**Exercise**
Every line of the listing must be repeated exactly.

**Data extract**

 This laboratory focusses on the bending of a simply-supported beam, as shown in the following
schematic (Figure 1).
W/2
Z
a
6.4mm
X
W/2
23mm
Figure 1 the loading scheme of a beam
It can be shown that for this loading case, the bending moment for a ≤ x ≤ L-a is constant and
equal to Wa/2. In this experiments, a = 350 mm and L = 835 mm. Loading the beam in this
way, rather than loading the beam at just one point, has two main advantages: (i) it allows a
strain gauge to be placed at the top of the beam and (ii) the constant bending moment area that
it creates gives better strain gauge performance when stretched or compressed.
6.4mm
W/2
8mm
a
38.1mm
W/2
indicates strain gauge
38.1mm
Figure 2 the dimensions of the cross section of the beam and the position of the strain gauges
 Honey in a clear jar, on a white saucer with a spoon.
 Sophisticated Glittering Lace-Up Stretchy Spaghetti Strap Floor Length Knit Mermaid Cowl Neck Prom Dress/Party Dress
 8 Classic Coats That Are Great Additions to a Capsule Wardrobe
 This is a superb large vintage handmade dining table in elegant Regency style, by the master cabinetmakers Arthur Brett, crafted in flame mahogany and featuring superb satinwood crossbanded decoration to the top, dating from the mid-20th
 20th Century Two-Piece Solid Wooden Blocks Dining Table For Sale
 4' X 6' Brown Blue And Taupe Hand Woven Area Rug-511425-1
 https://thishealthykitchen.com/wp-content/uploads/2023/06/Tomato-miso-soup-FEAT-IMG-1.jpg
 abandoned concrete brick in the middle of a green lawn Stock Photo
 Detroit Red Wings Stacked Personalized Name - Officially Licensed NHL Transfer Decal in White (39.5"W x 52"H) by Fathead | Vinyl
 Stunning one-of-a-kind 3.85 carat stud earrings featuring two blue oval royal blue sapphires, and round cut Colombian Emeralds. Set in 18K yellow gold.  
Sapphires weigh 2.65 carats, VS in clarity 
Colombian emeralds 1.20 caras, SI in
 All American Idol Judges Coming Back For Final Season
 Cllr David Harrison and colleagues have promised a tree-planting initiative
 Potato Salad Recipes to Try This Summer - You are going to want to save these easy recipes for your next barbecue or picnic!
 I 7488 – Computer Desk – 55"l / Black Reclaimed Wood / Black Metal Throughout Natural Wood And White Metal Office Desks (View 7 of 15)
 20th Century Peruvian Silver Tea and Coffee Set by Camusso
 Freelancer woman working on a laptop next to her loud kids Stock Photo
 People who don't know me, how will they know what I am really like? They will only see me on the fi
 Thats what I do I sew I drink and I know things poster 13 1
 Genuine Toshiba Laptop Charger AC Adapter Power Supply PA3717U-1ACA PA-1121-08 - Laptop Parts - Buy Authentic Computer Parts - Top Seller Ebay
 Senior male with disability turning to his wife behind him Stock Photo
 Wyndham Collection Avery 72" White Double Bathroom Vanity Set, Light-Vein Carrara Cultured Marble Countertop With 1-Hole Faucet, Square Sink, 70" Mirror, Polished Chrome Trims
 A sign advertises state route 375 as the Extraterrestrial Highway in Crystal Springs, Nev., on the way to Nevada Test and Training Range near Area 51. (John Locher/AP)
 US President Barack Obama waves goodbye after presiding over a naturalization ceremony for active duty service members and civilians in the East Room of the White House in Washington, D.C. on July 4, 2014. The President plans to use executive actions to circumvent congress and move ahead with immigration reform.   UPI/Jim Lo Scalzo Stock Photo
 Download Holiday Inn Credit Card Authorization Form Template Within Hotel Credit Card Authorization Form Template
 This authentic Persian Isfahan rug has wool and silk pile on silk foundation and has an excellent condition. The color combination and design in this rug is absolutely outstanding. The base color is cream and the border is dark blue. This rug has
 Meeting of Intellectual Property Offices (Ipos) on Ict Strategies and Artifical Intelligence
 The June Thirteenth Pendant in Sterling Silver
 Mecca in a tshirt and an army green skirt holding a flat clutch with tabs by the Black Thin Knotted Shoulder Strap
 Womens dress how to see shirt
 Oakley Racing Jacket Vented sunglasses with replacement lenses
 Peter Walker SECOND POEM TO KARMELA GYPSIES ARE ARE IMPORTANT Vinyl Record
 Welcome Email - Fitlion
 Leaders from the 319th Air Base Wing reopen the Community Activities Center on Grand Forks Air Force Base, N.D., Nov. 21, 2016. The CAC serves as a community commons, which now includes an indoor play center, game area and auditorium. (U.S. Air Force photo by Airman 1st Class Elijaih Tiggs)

**Solution to this task**
 This laboratory focusses on the bending of a simply-supported beam, as shown in the following
schematic (Figure 1).
W/2
Z
a
6.4mm
X
W/2
23mm
Figure 1 the loading scheme of a beam
It can be shown that for this loading case, the bending moment for a ≤ x ≤ L-a is constant and
equal to Wa/2. In this experiments, a = 350 mm and L = 835 mm. Loading the beam in this
way, rather than loading the beam at just one point, has two main advantages: (i) it allows a
strain gauge to be placed at the top of the beam and (ii) the constant bending moment area that
it creates gives better strain gauge performance when stretched or compressed.
6.4mm
W/2
8mm
a
38.1mm
W/2
indicates strain gauge
38.1mm
Figure 2 the dimensions of the cross section of the beam and the position of the strain gauges
 Honey in a clear jar, on a white saucer with a spoon.
 Sophisticated Glittering Lace-Up Stretchy Spaghetti Strap Floor Length Knit Mermaid Cowl Neck Prom Dress/Party Dress
 8 Classic Coats That Are Great Additions to a Capsule Wardrobe
 This is a superb large vintage handmade dining table in elegant Regency style, by the master cabinetmakers Arthur Brett, crafted in flame mahogany and featuring superb satinwood crossbanded decoration to the top, dating from the mid-20th
 20th Century Two-Piece Solid Wooden Blocks Dining Table For Sale
 4' X 6' Brown Blue And Taupe Hand Woven Area Rug-511425-1
 https://thishealthykitchen.com/wp-content/uploads/2023/06/Tomato-miso-soup-FEAT-IMG-1.jpg
 abandoned concrete brick in the middle of a green lawn Stock Photo
 Detroit Red Wings Stacked Personalized Name - Officially Licensed NHL Transfer Decal in White (39.5"W x 52"H) by Fathead | Vinyl
 Stunning one-of-a-kind 3.85 carat stud earrings featuring two blue oval royal blue sapphires, and round cut Colombian Emeralds. Set in 18K yellow gold.  
Sapphires weigh 2.65 carats, VS in clarity 
Colombian emeralds 1.20 caras, SI in
 All American Idol Judges Coming Back For Final Season
 Cllr David Harrison and colleagues have promised a tree-planting initiative
 Potato Salad Recipes to Try This Summer - You are going to want to save these easy recipes for your next barbecue or picnic!
 I 7488 – Computer Desk – 55"l / Black Reclaimed Wood / Black Metal Throughout Natural Wood And White Metal Office Desks (View 7 of 15)
 20th Century Peruvian Silver Tea and Coffee Set by Camusso
 Freelancer woman working on a laptop next to her loud kids Stock Photo
 People who don't know me, how will they know what I am really like? They will only see me on the fi
 Thats what I do I sew I drink and I know things poster 13 1
 Genuine Toshiba Laptop Charger AC Adapter Power Supply PA3717U-1ACA PA-1121-08 - Laptop Parts - Buy Authentic Computer Parts - Top Seller Ebay
 Senior male with disability turning to his wife behind him Stock Photo
 Wyndham Collection Avery 72" White Double Bathroom Vanity Set, Light-Vein Carrara Cultured Marble Countertop With 1-Hole Faucet, Square Sink, 70" Mirror, Polished Chrome Trims
 A sign advertises state route 375 as the Extraterrestrial Highway in Crystal Springs, Nev., on the way to Nevada Test and Training Range near Area 51. (John Locher/AP)
 US President Barack Obama waves goodbye after presiding over a naturalization ceremony for active duty service members and civilians in the East Room of the White House in Washington, D.C. on July 4, 2014. The President plans to use executive actions to circumvent congress and move ahead with immigration reform.   UPI/Jim Lo Scalzo Stock Photo
 Download Holiday Inn Credit Card Authorization Form Template Within Hotel Credit Card Authorization Form Template
 This authentic Persian Isfahan rug has wool and silk pile on silk foundation and has an excellent condition. The color combination and design in this rug is absolutely outstanding. The base color is cream and the border is dark blue. This rug has
 Meeting of Intellectual Property Offices (Ipos) on Ict Strategies and Artifical Intelligence
 The June Thirteenth Pendant in Sterling Silver
 Mecca in a tshirt and an army green skirt holding a flat clutch with tabs by the Black Thin Knotted Shoulder Strap
 Womens dress how to see shirt
 Oakley Racing Jacket Vented sunglasses with replacement lenses
 Peter Walker SECOND POEM TO KARMELA GYPSIES ARE ARE IMPORTANT Vinyl Record
 Welcome Email - Fitlion
 Leaders from the 319th Air Base Wing reopen the Community Activities Center on Grand Forks Air Force Base, N.D., Nov. 21, 2016. The CAC serves as a community commons, which now includes an indoor play center, game area and auditorium. (U.S. Air Force photo by Airman 1st Class Elijaih Tiggs)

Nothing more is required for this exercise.